I think we'd want the test fix to avoid busy-waiting that was discussed
upthread. I just left a few comments, too. I suspect they will all be
answered without code changes, but I think we'd probably want to wait
for a v2.

-Peff

Re: [PATCH 02/10] struct ref_transaction: add a place for backends to store data

[Michael Haggerty]

On 09/08/2017 09:02 AM, Jeff King wrote:
> On Tue, Aug 29, 2017 at 10:20:26AM +0200, Michael Haggerty wrote:
> 
>> `packed_ref_store` is going to want to store some transaction-wide
>> data, so make a place for it.
> 
> That makes sense, although...
> 
>> diff --git a/refs/refs-internal.h b/refs/refs-internal.h
>> index b02dc5a7e3..d7d344de73 100644
>> --- a/refs/refs-internal.h
>> +++ b/refs/refs-internal.h
>> @@ -242,6 +242,7 @@ struct ref_transaction {
>>  	size_t alloc;
>>  	size_t nr;
>>  	enum ref_transaction_state state;
>> +	void *backend_data;
>>  };
> 
> This is just one pointer. Once we start layering ref backends (and
> already we're moving towards a "files" layer which sits atop loose and
> packed backends, right?), how do we avoid backends stomping on each
> other (or worse, dereferencing somebody else's data as their own
> struct)?

My conception is that layered backends would be separated as much as
possible, and if the "top" layer needs to modify the "bottom" layer, it
would do so via a separate reference transaction on the bottom layer.
That transaction would be owned by the bottom layer, which would be able
to use the corresponding `backend_data` pointers however it likes.

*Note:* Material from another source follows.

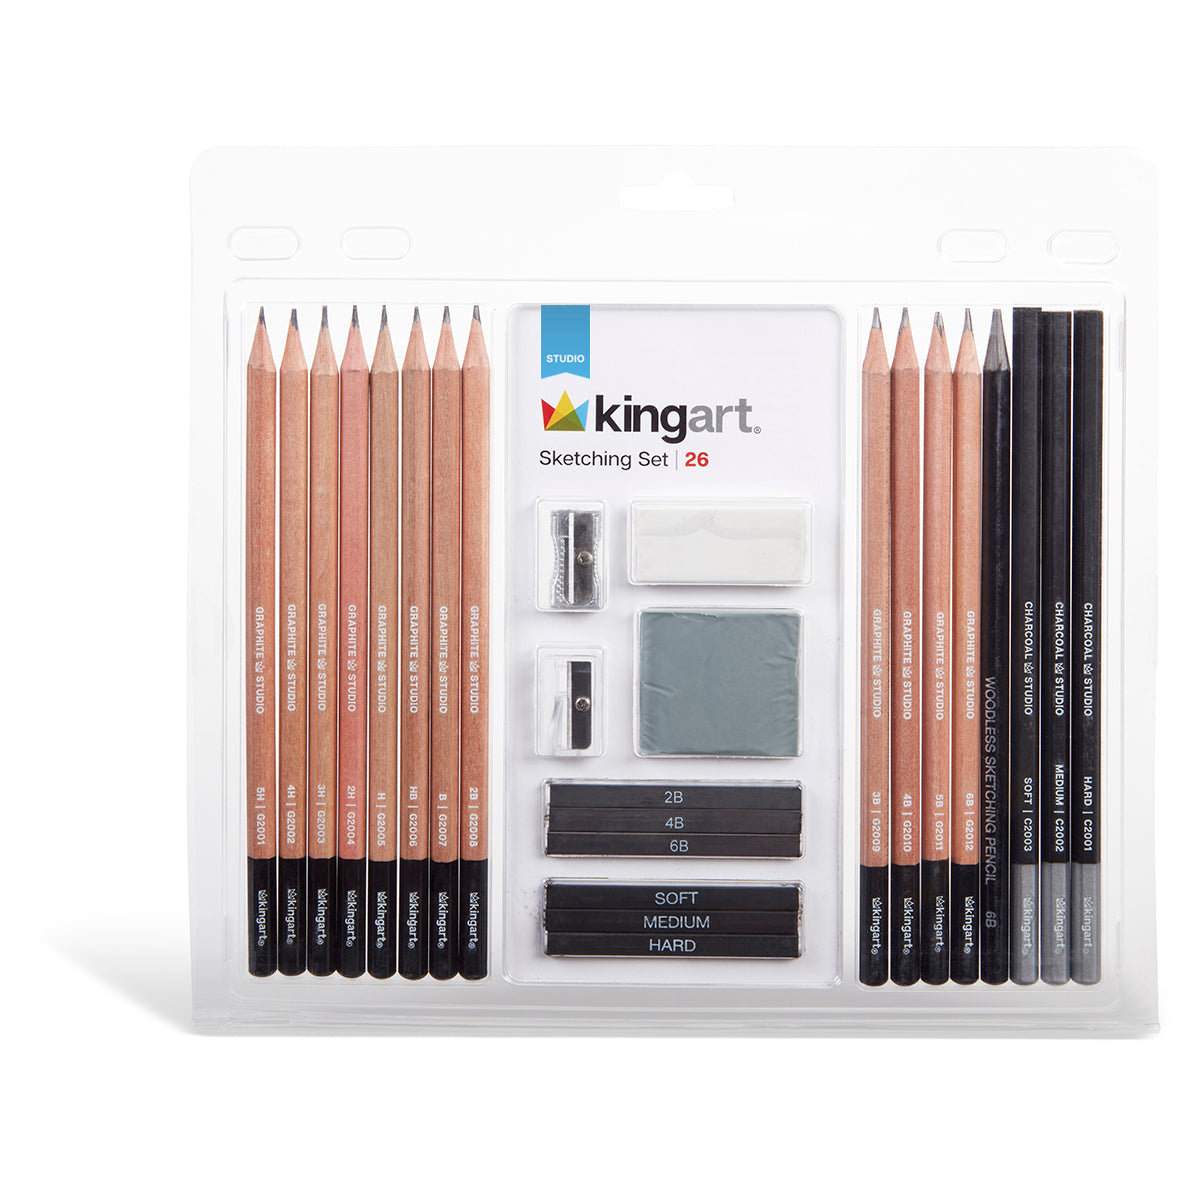 KINGART Sketch Combo Pack with 11x14 Sketchbook & 30 Piece Pencil

You can see an example of this construct in patch 08.

Michael

Re: [PATCH 02/10] struct ref_transaction: add a place for backends to store data

[Jeff King]

On Fri, Sep 08, 2017 at 10:19:48AM +0200, Michael Haggerty wrote:

> > This is just one pointer. Once we start layering ref backends (and
> > already we're moving towards a "files" layer which sits atop loose and
> > packed backends, right?), how do we avoid backends stomping on each
> > other (or worse, dereferencing somebody else's data as their own
> > struct)?
> 
> My conception is that layered backends would be separated as much as
> possible, and if the "top" layer needs to modify the "bottom" layer, it
> would do so via a separate reference transaction on the bottom layer.
> That transaction would be owned by the bottom layer, which would be able
> to use the corresponding `backend_data` pointers however it likes.
>
> You can see an example of this construct in patch 08.

OK, that makes sense.

-Peff

Re: [PATCH 01/10] packed-backend: don't adjust the reference count on lock/unlock

[Michael Haggerty]

On 09/08/2017 08:52 AM, Jeff King wrote:
> On Tue, Aug 29, 2017 at 10:20:25AM +0200, Michael Haggerty wrote:
> 
>> The old code incremented the packed ref cache reference count when
>> acquiring the packed-refs lock, and decremented the count when
>> releasing the lock. This is unnecessary because a locked packed-refs
>> file cannot be changed, so there is no reason for the cache to become
>> stale.
> 
> Hmm, I thought that after your last series, we might hold the lock but
> update the packed-refs from a separate tempfile. I.e., 42dfa7ecef
> (commit_packed_refs(): use a staging file separate from the lockfile,
> 2017-06-23).
> 
>> Moreover, the extra reference count causes a problem if we
>> intentionally clear the packed refs cache, as we sometimes need to do
>> if we change the cache in anticipation of writing a change to disk,
>> but then the write to disk fails. In that case, `packed_refs_unlock()`
>> would have no easy way to find the cache whose reference count it
>> needs to decrement.
>>
>> This whole issue will soon become moot due to upcoming changes that
>> avoid changing the in-memory cache as part of updating the packed-refs
>> on disk, but this change makes that transition easier.
> 
> All of this makes sense, and I'm happy this complexity is going away in
> the long run. But I guess what I'm wondering is in the meantime if we
> can have a sequence like:
> 
>   1. We hold packed-refs.lock
> 
>   2. We update the file without releasing the lock, via 42dfa7ecef.
> 
>   3. Still holding the lock, we try to look at packed-refs. The
>      stat_validity code says no, we're not up to date.
> 
>   4. We discard the old packed_ref_cache and reload it. Because its
>      reference count was not incremented during step 1, we actually
>      free() it.
> 
>   5. We try to look at at the old freed pointer.
> 
> There are several steps in there that might be implausible. So I'm
> mostly playing devil's advocate here.
> 
> I'm wondering if the "don't validate while we hold the lock" logic in
> get_packed_refs_cache() means that step 3 is impossible.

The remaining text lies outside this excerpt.